Les clauses de résiliation apparaissent sous plusieurs formes types, chacune étant conçue pour traiter de différents scénarios qui peuvent survenir au cours de la période entre la signature et la clôture. Le type de clause choisi reflète le pouvoir de négociation relatif des parties, la complexité de l'entente et les risques particuliers inhérents à la transaction.

Résiliation pour convenance

Une clause de résiliation pour commodité permet à l'une ou l'autre des parties de mettre fin au contrat sans démontrer de faute ou de violation. La partie qui met fin au contrat ne fait que donner un avis écrit dans un délai déterminé. Bien que ce type de clause apparaisse plus souvent dans les accords de service, elle se retrouve aussi dans les contrats d'acquisition, surtout lorsque l'acheteur a besoin de souplesse pour s'en sortir si le financement tombe, si les priorités stratégiques changent ou si les conditions du marché se détériorent.

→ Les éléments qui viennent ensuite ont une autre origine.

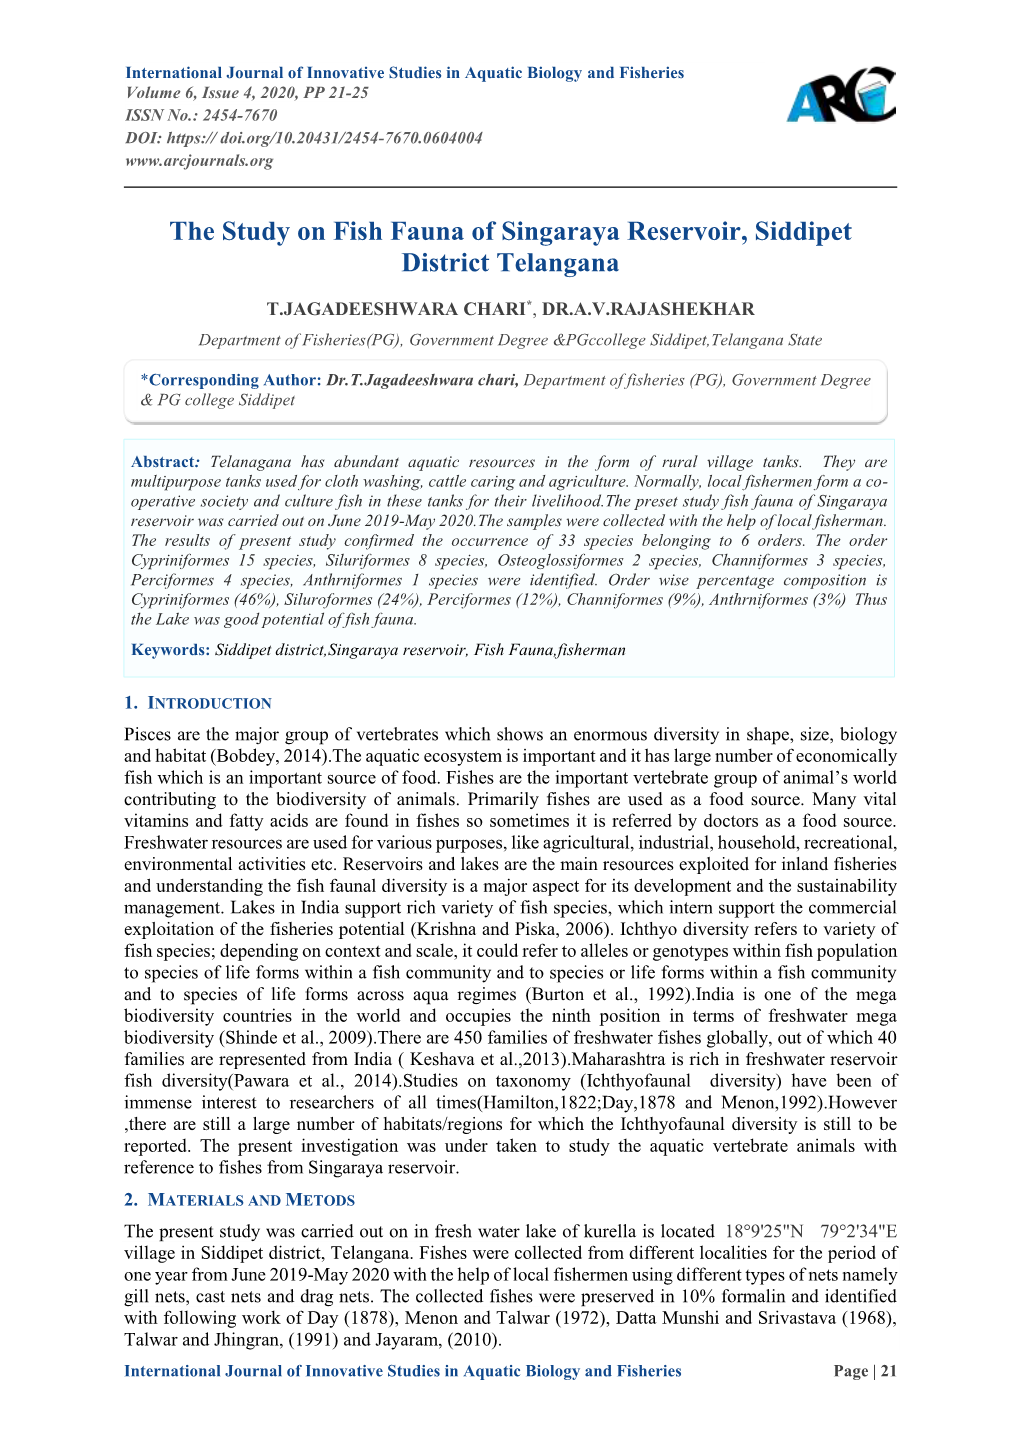 The Study on Fish Fauna of Singaraya Reservoir, Siddipet District Telangana

Les vendeurs résistent souvent à la résiliation de la commodité parce qu'elle permet à l'acheteur d'abandonner l'opération sans motif, laissant ainsi ses activités dans un état d'incertitude. Lorsqu'elle est incluse, la clause exige habituellement que la partie qui termine la transaction rembourse l'autre pour certaines dépenses de transaction, telles que les frais juridiques et les frais consultatifs. Dans certaines transactions, une compensation de rupture inverse est négociée pour compenser le vendeur pour le temps et les ressources dépensés. Par exemple, un acheteur peut payer une redevance égale à 3 à 5 % de la valeur de l'entreprise s'il se termine pour des raisons de commodité après la signature.

Résiliation pour cause

La résiliation pour cause, aussi appelée résiliation pour défaut, est déclenchée lorsque l'une des parties viole matériellement l'accord ou ne satisfait pas à une condition de précédent. Les déclencheurs courants comprennent le défaut d'obtenir les consentements nécessaires, le manquement aux représentations ou garanties, le défaut de fermer à une date de décès-report, ou la violation des obligations de non-concurrence et de confidentialité.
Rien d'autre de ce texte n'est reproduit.